Frequently Asked Questions
What is the difference between json.loads and json.load?
json.loads() parses a JSON string (the “s” = string). json.load() reads from a file object. Similarly, json.dumps() serializes to a string and json.dump() writes to a file. This naming convention is consistent across Python’s standard library (e.g., pickle.loads/pickle.load follows the same pattern).
How do I pretty-print JSON?
Use json.dumps(data, indent=2) for 2-space indentation or indent=4 for 4-space. Add sort_keys=True to sort keys alphabetically. From the command line, you can pretty-print a JSON file with: python -m json.tool myfile.json. This is built into Python and works on any valid JSON file.
How does Python handle Unicode in JSON?
By default, json.dumps() escapes non-ASCII characters as \uXXXX escape sequences. To output them directly as Unicode (which is valid JSON and more readable), use json.dumps(data, ensure_ascii=False). Always open JSON files with encoding='utf-8' to handle any Unicode content correctly.

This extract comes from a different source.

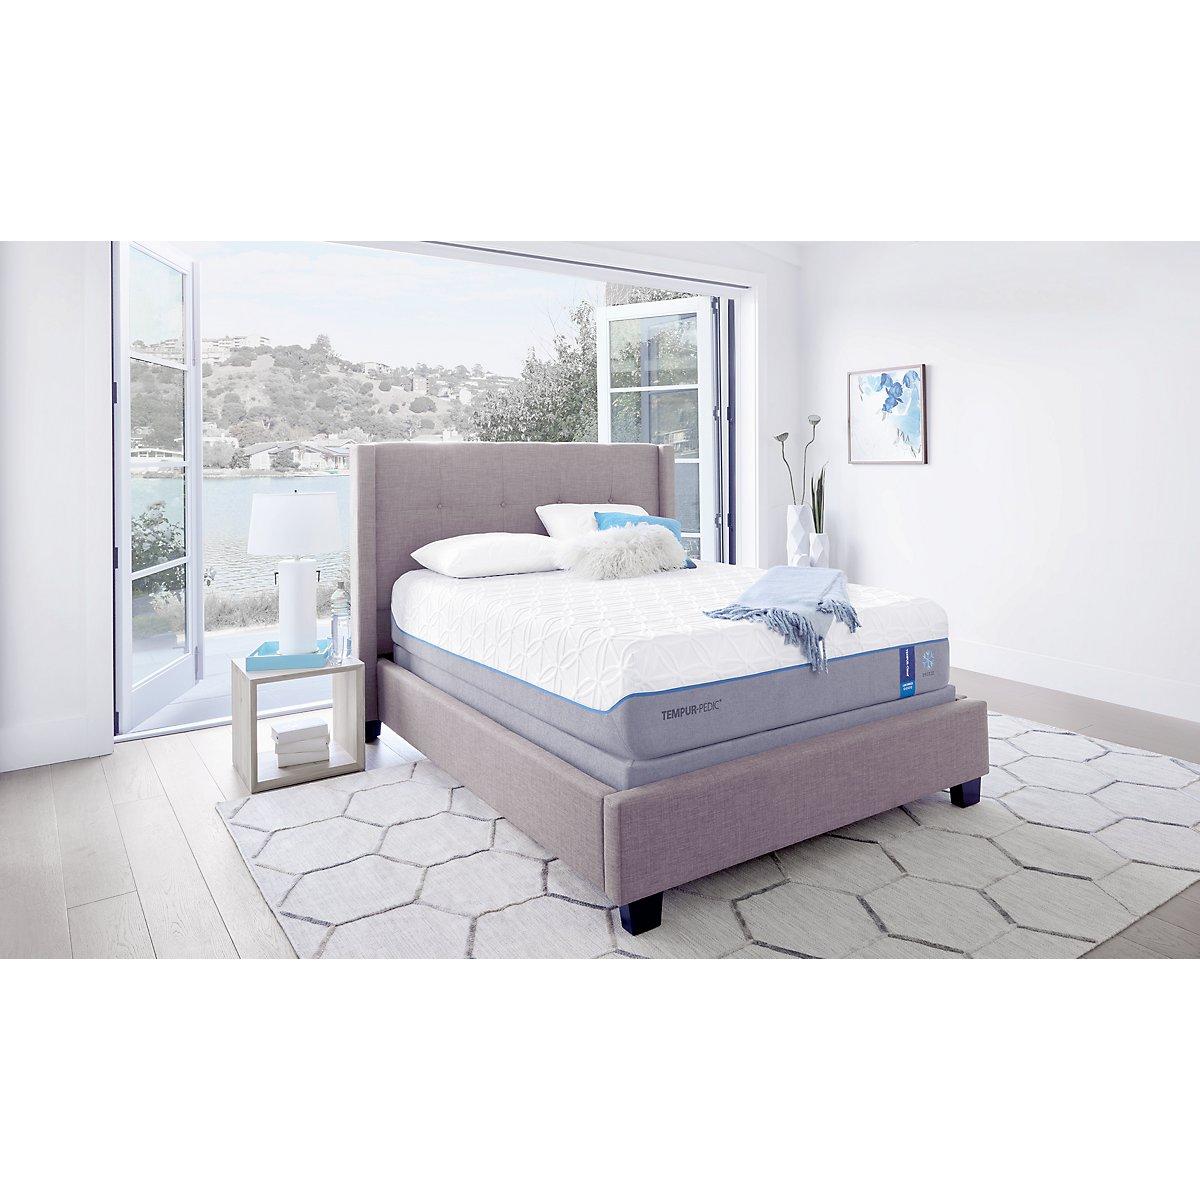 City furniture cld lux bre tempur up adjustable mattress set for Furniture mattress city

Why can’t I serialize datetime objects?
The JSON spec only defines six data types: object, array, string, number, boolean, and null. Python’s datetime doesn’t map to any of these, so the json module raises TypeError. The idiomatic solution is to convert to ISO 8601 strings using dt.isoformat(). Pass a default function to json.dumps() that handles these conversions, as shown in the custom serialization section above.
How do I handle very large JSON files efficiently?

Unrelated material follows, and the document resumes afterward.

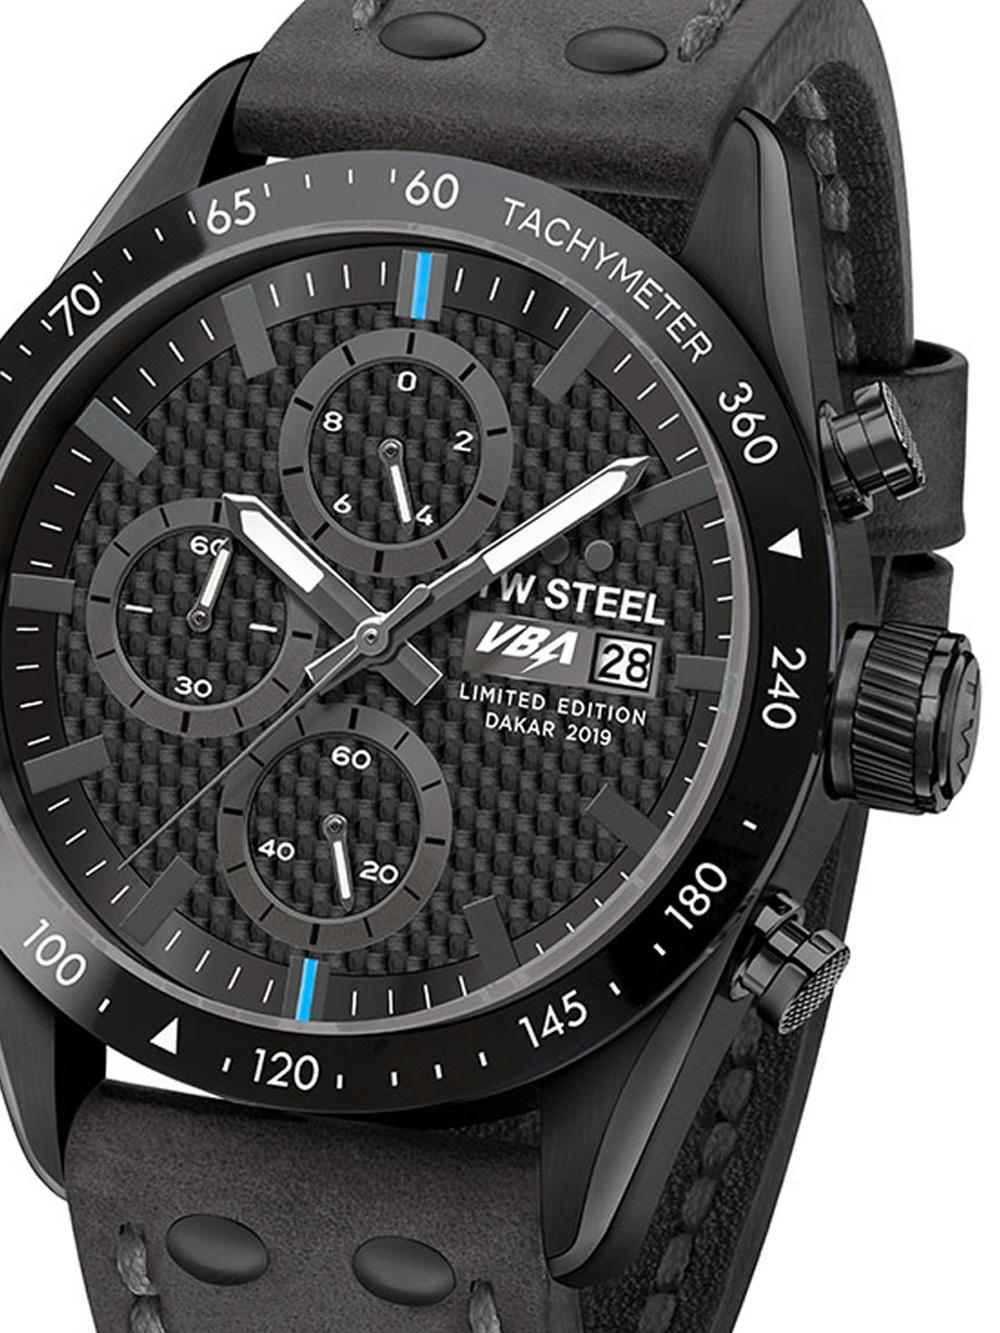 TW997 Dakar Ltd. Chronograph 46mm 10ATM

For JSON files too large to load into memory at once, use the ijson library (install via pip install ijson) for streaming incremental JSON parsing. It parses the file as it reads, yielding items one at a time. The standard json module always loads the entire file into memory — fine for files up to hundreds of MB, but not for multi-GB JSON datasets.
Conclusion
Python’s json module makes JSON handling simple and reliable. We covered json.loads()/json.load() for parsing, json.dumps()/json.dump() for serialization, pretty-printing with indent and sort_keys, defensive nested access with chained .get(), parsing real API responses, custom serialization for datetime objects, and robust error handling with json.JSONDecodeError. JSON fluency is an essential Python skill — you’ll use it in almost every project that touches the internet or stores configuration.
Try extending the config manager to support environment variable overrides (keys from os.environ take precedence over the file) or to validate values against a schema using jsonschema (available via pip). Both are common patterns in production-grade config management.
For the full API reference and additional encoder/decoder customization options, see the official json module documentation.